◆ WORK TO BE COMPLETED ◆
Every line below is to be copied exactly, with the pictures left out.

◆ GIVEN MATERIAL ◆
----

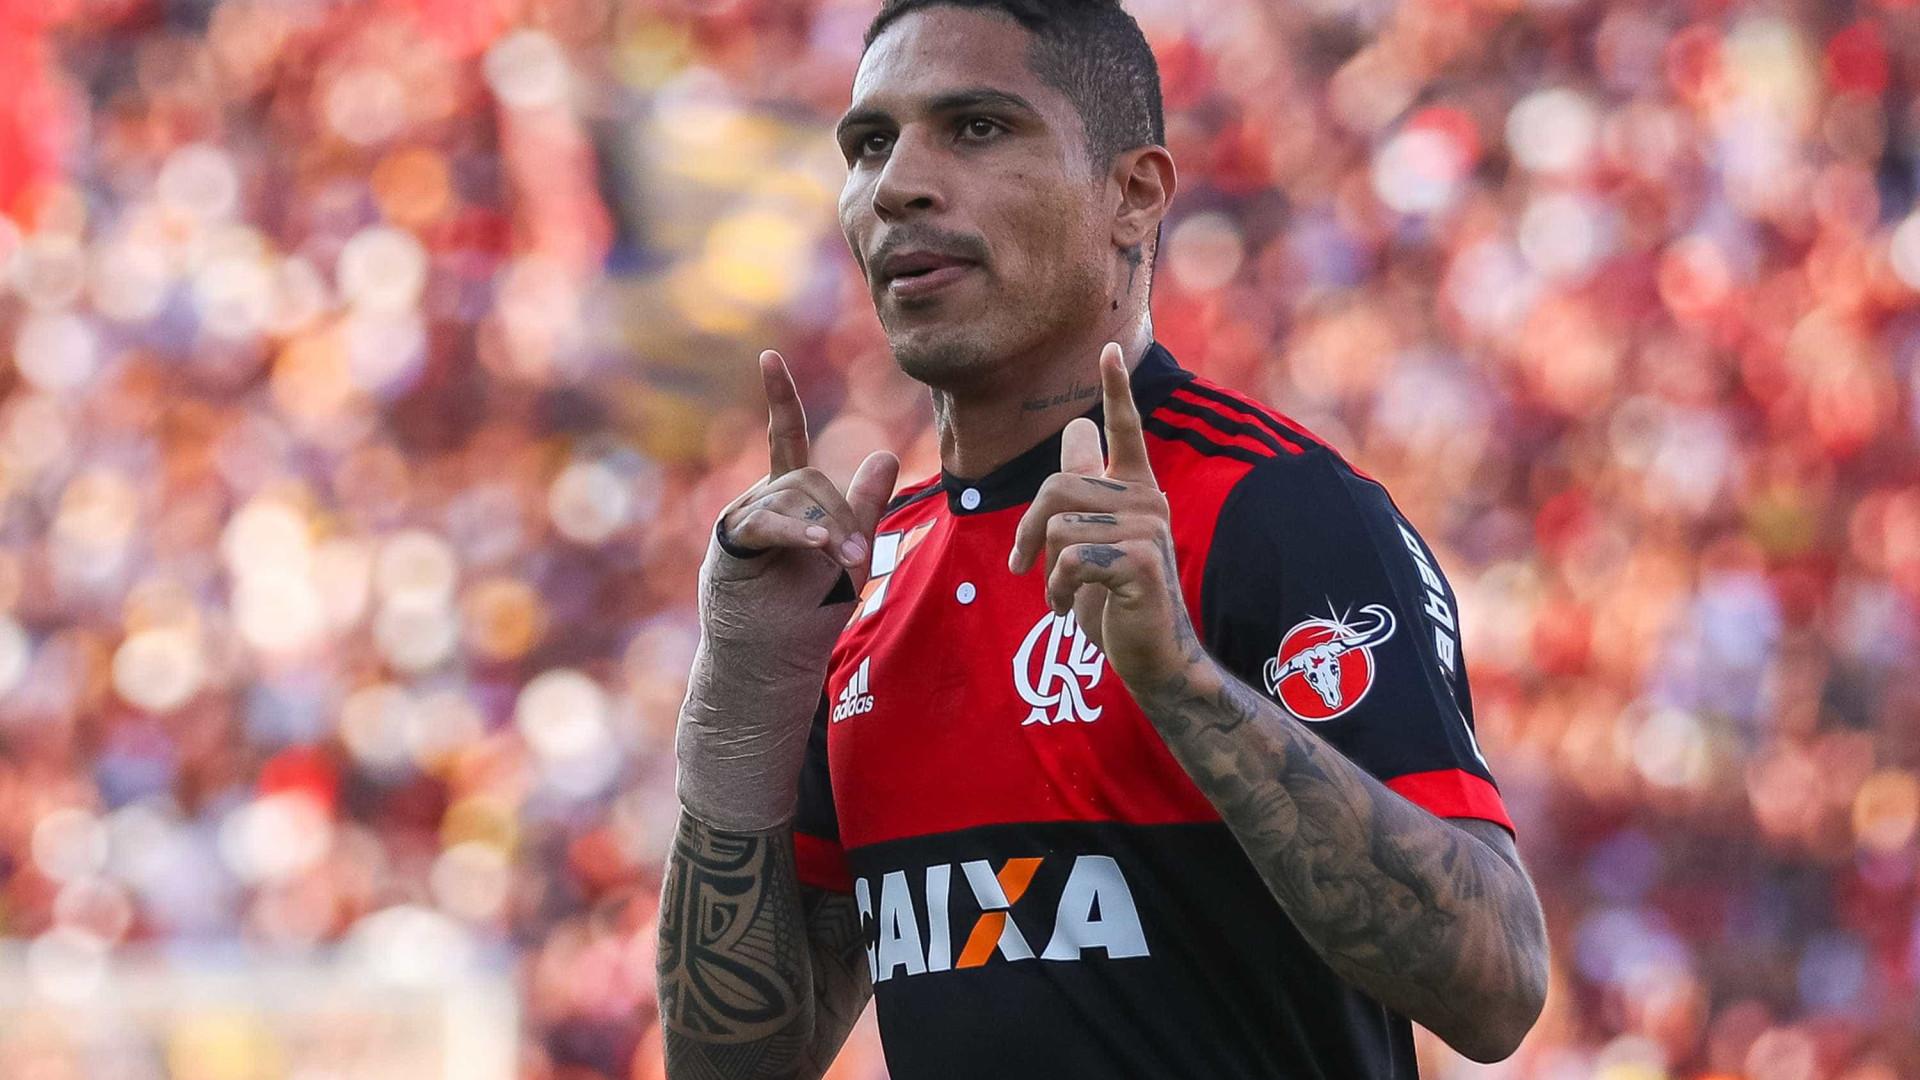 Imprensa argentina acusa doping de Guerrero; clube aguarda notificação
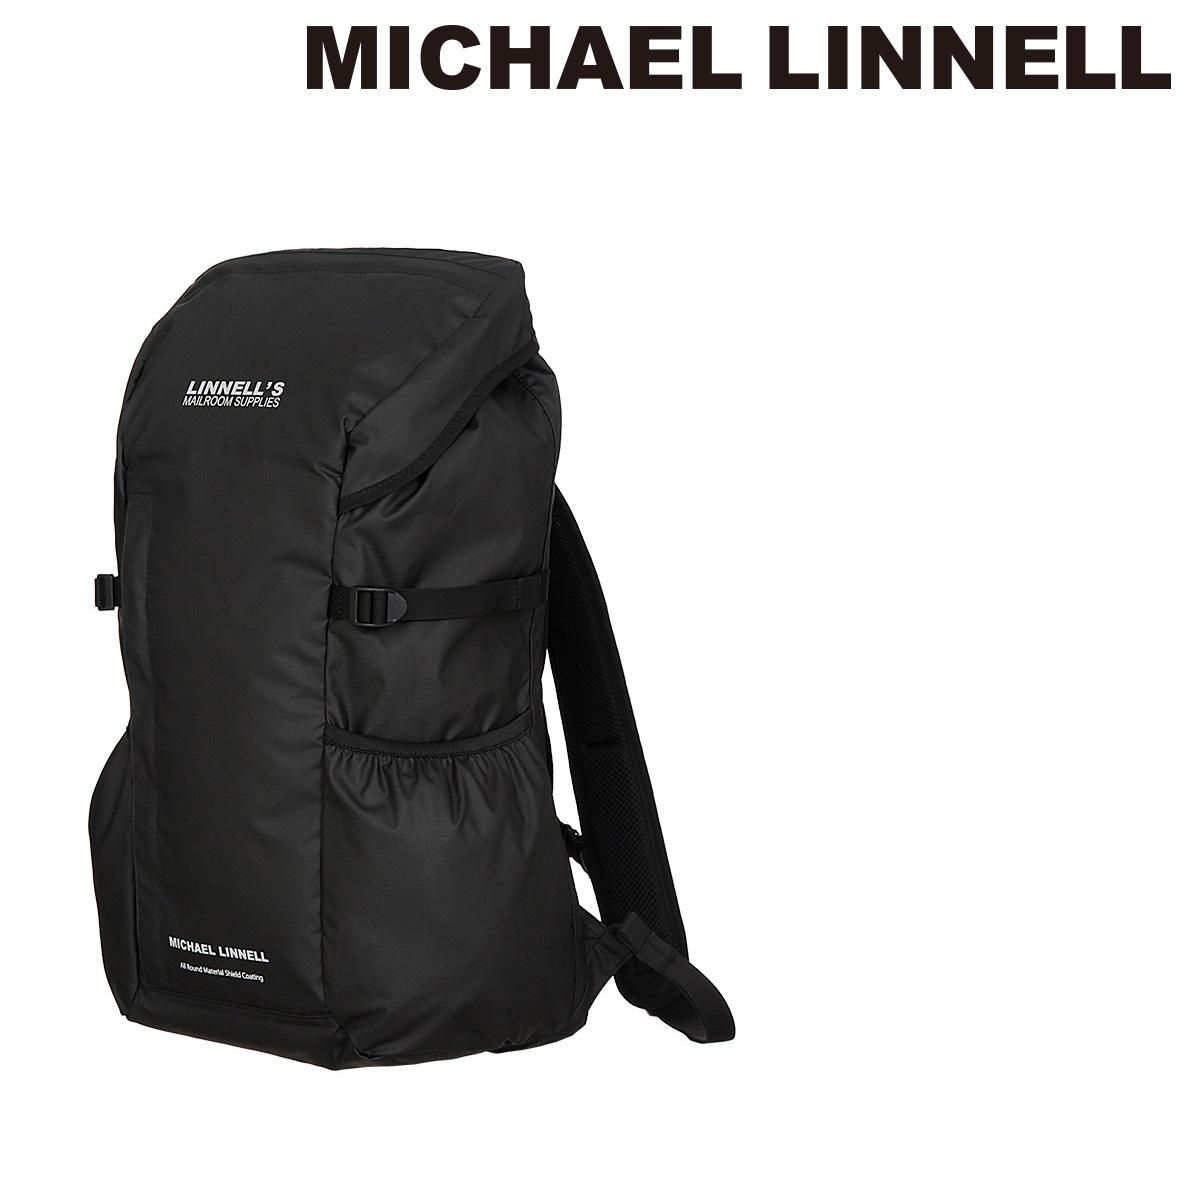 マイケルリンネル リュック MLAC-02 MICHAEL LINNELL【bef】【PO10】
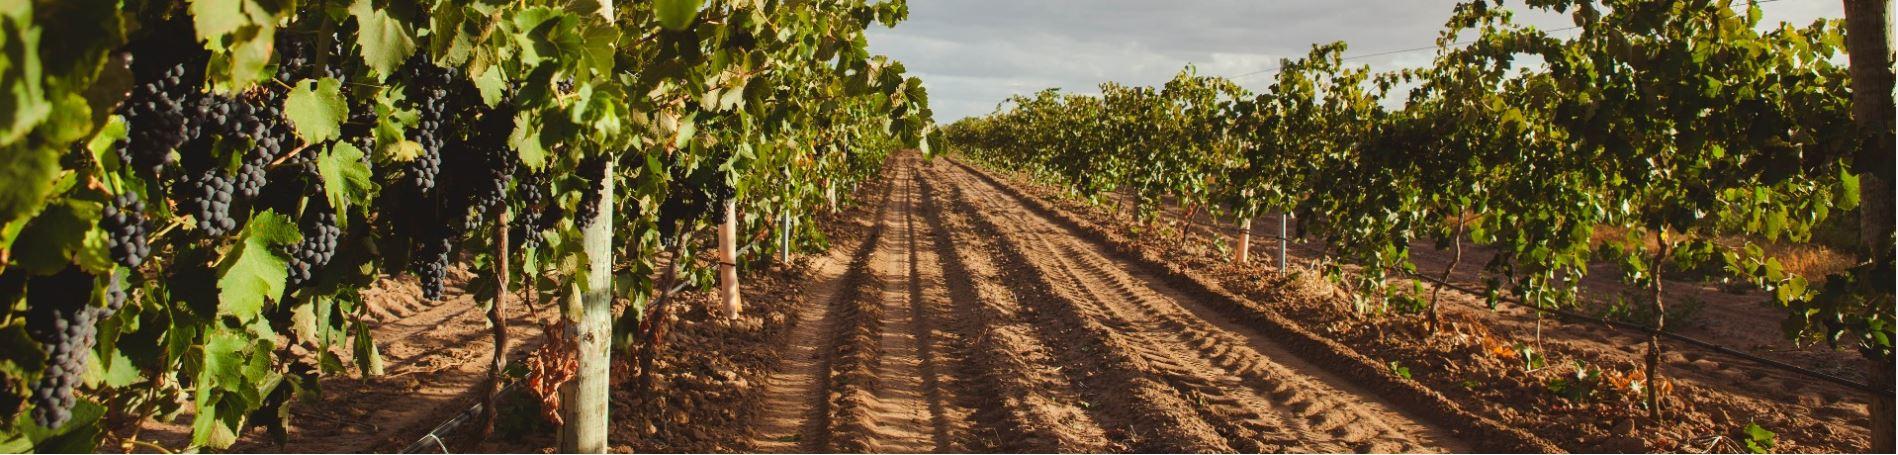 Nejlepší světové Syrahy pocházejí z australského Barossa Valley

----

◆ EXERCISE OUTPUT ◆
 Imprensa argentina acusa doping de Guerrero; clube aguarda notificação
 マイケルリンネル リュック MLAC-02 MICHAEL LINNELL【bef】【PO10】
 Nejlepší světové Syrahy pocházejí z australského Barossa Valley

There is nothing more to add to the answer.